Se vince il Sì: Viene abrogata la parte dell’articolo 9, comma 1, lettera b) che prevede un trattamento speciale per lo straniero maggiorenne adottato da cittadino italiano successivamente all’adozione. Viene abrogata la lettera f) dell’articolo 9, comma 1, che attualmente richiede una residenza legale di almeno dieci anni in Italia per lo straniero maggiorenne extracomunitario per poter richiedere la cittadinanza italiana. Di conseguenza, se vince il Sì, la norma generale per la richiesta di cittadinanza per residenza per lo straniero maggiorenne extracomunitario diventerebbe quella prevista dalla lettera c) dello stesso articolo 9, comma 1, che attualmente prevede un periodo di residenza legale di cinque anni. Ragioni del Sì: Equiparazione dei diritti: Sostenitori del Sì potrebbero argomentare che la distinzione basata sul momento dell’adozione (successiva alla maggiore età) è discriminatoria e che un genitore italiano dovrebbe avere la stessa possibilità di trasmettere più rapidamente la cittadinanza al figlio adottivo maggiorenne, indipendentemente dal momento dell’adozione. Accelerazione dei processi di integrazione: Dimezzare i tempi di residenza da dieci a cinque anni potrebbe essere visto come un modo per accelerare i processi di integrazione degli stranieri extracomunitari che dimostrano un radicamento nel tessuto sociale italiano. Allineamento ad altre normative: Potrebbe essere argomentato che un periodo di cinque anni è più in linea con le tempistiche previste per altre modalità di acquisizione della cittadinanza o con le normative di altri paesi europei.

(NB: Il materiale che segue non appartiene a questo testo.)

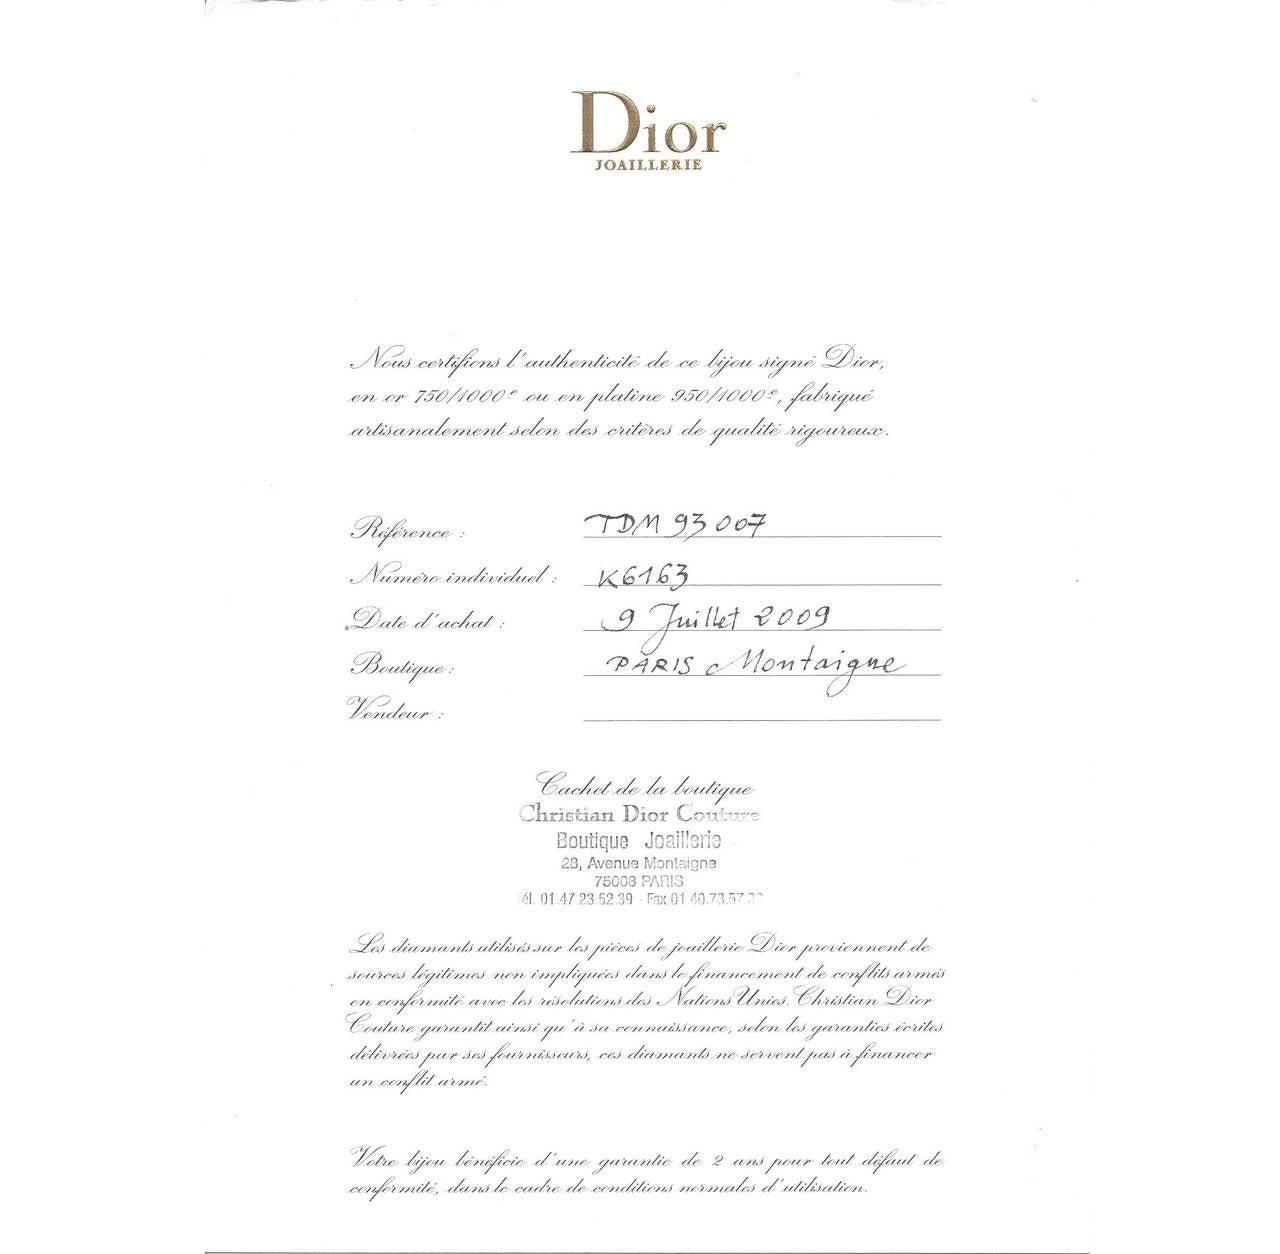 Dior Joaillerie Victoire de Castellane Kings and Queens Roi de Sugilite Pendant 6

Ragioni del No: Tutela della cittadinanza: Sostenitori del No potrebbero ritenere che un periodo di residenza di dieci anni sia necessario per garantire un’effettiva integrazione e una conoscenza sufficiente dei valori, della cultura e delle istituzioni italiane prima della concessione della cittadinanza. Valore della permanenza prolungata: Un periodo di residenza più lungo potrebbe essere considerato come una maggiore dimostrazione di un legame stabile e duraturo con il territorio italiano. Potenziali oneri amministrativi: Alcuni potrebbero esprimere preoccupazioni riguardo a un potenziale aumento delle richieste di cittadinanza.